REQUIREMENT: Print the data exactly as written, but leave out each picture.

RAW DATA:
----------------
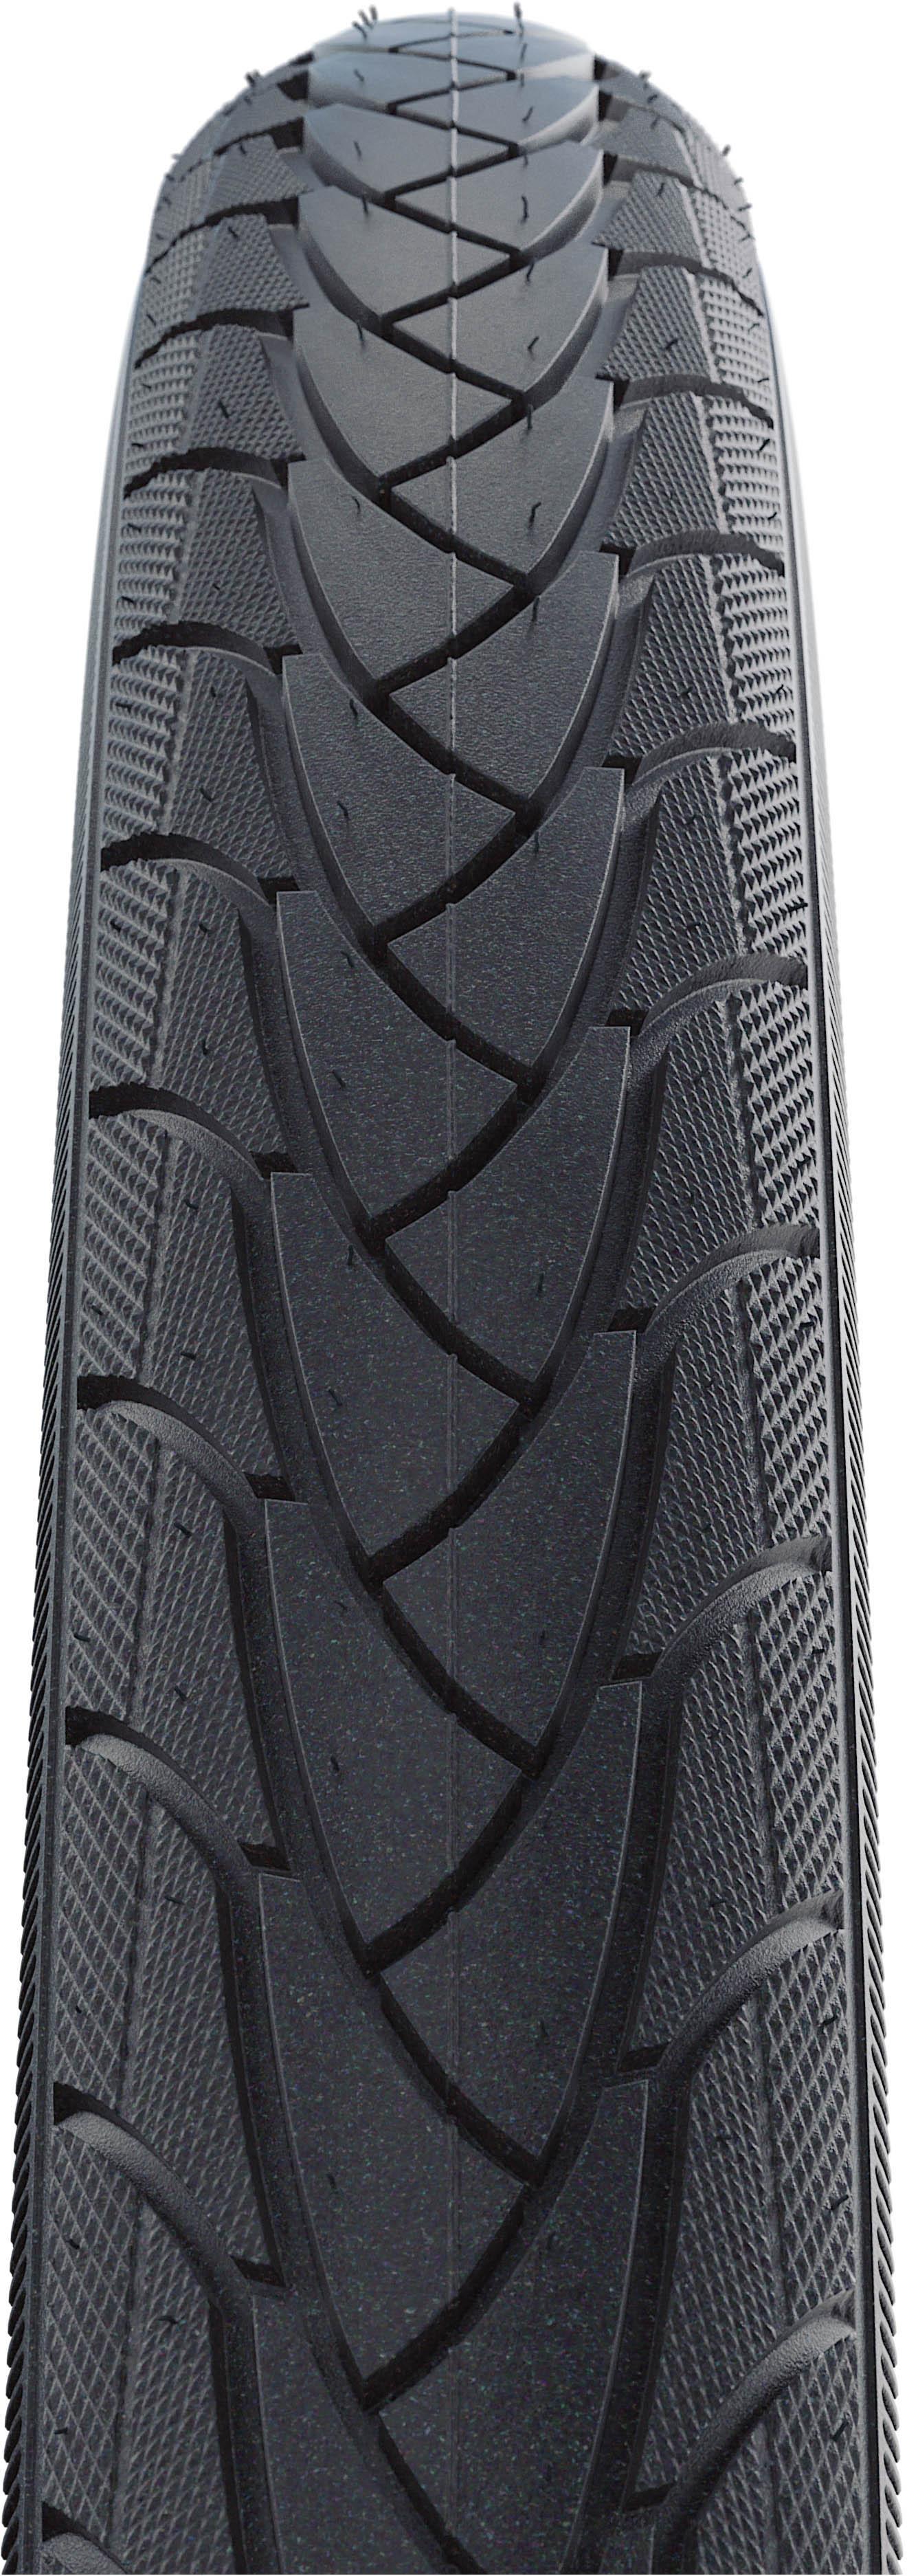 700x35c tyres
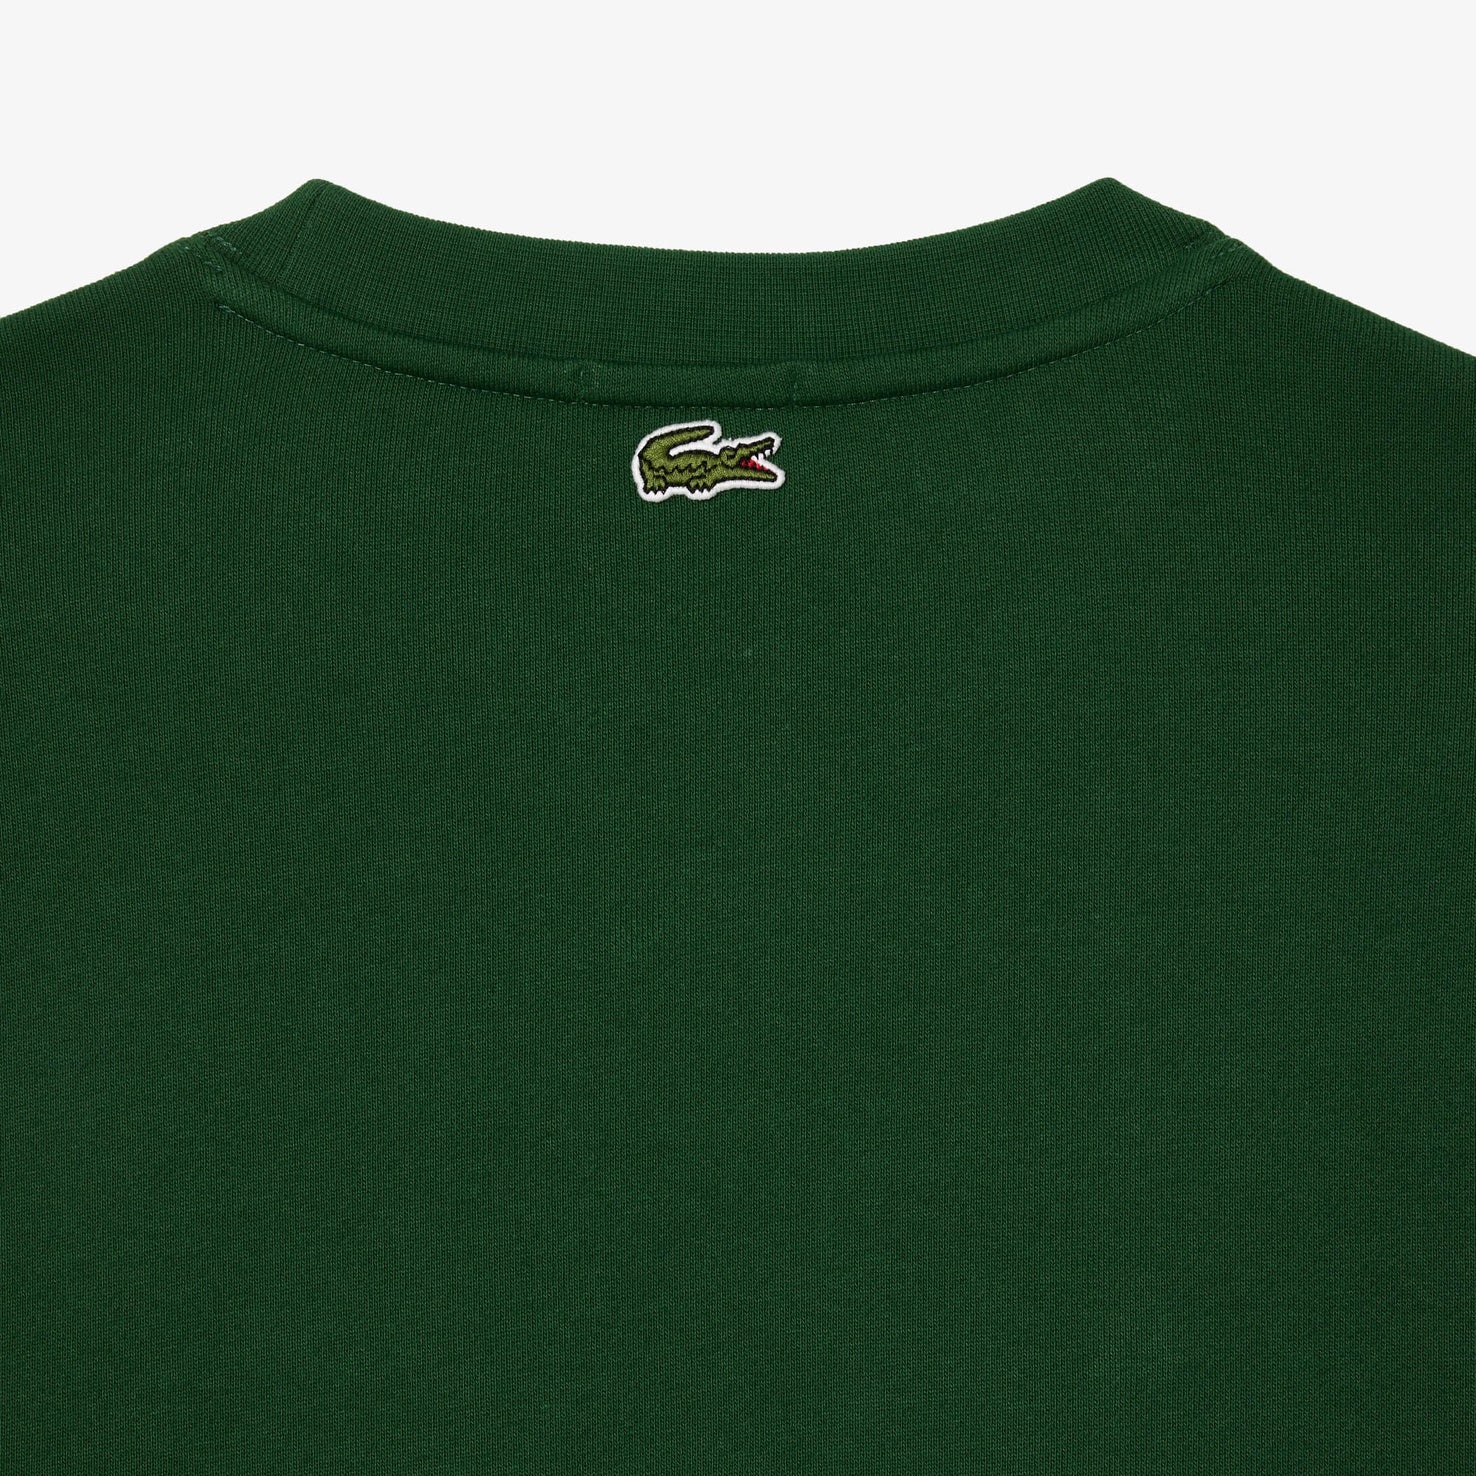 Lacoste Cotton Fleece Branded Sweatshirt Green SH1228 132
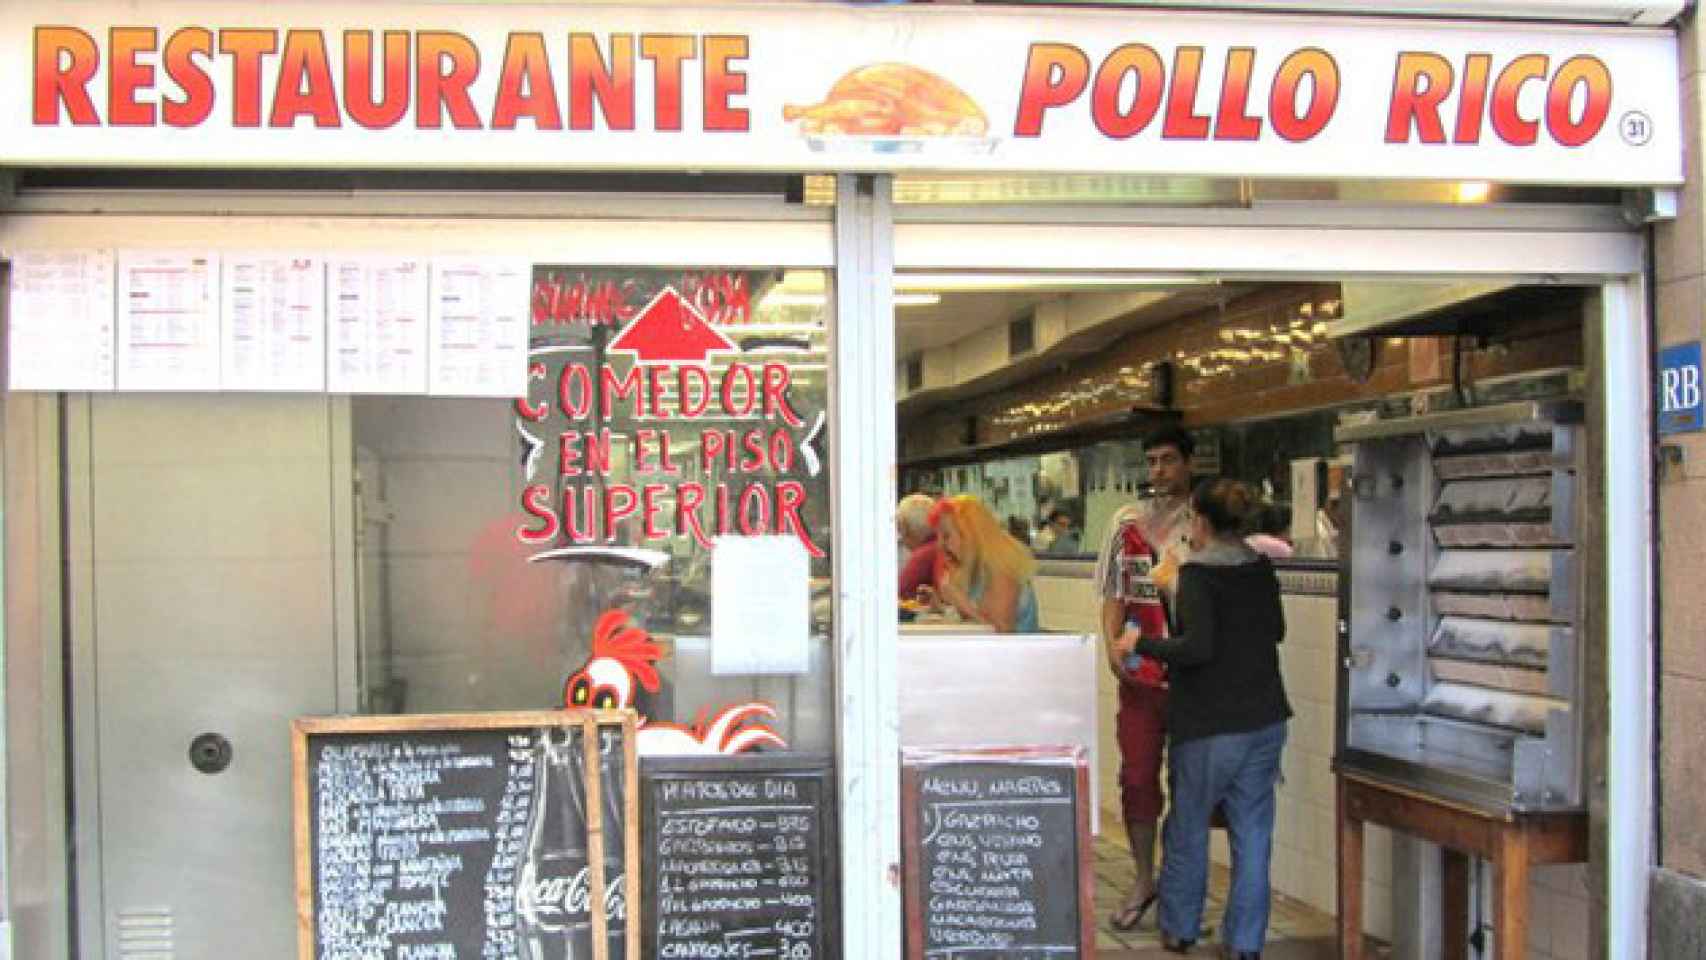 El restaurante Pollo Rico, uno de los históricos del Raval, cerrará el martes 29 de agosto / CG
----------------
WRITTEN ANSWER:
 700x35c tyres
 Lacoste Cotton Fleece Branded Sweatshirt Green SH1228 132
 El restaurante Pollo Rico, uno de los históricos del Raval, cerrará el martes 29 de agosto / CG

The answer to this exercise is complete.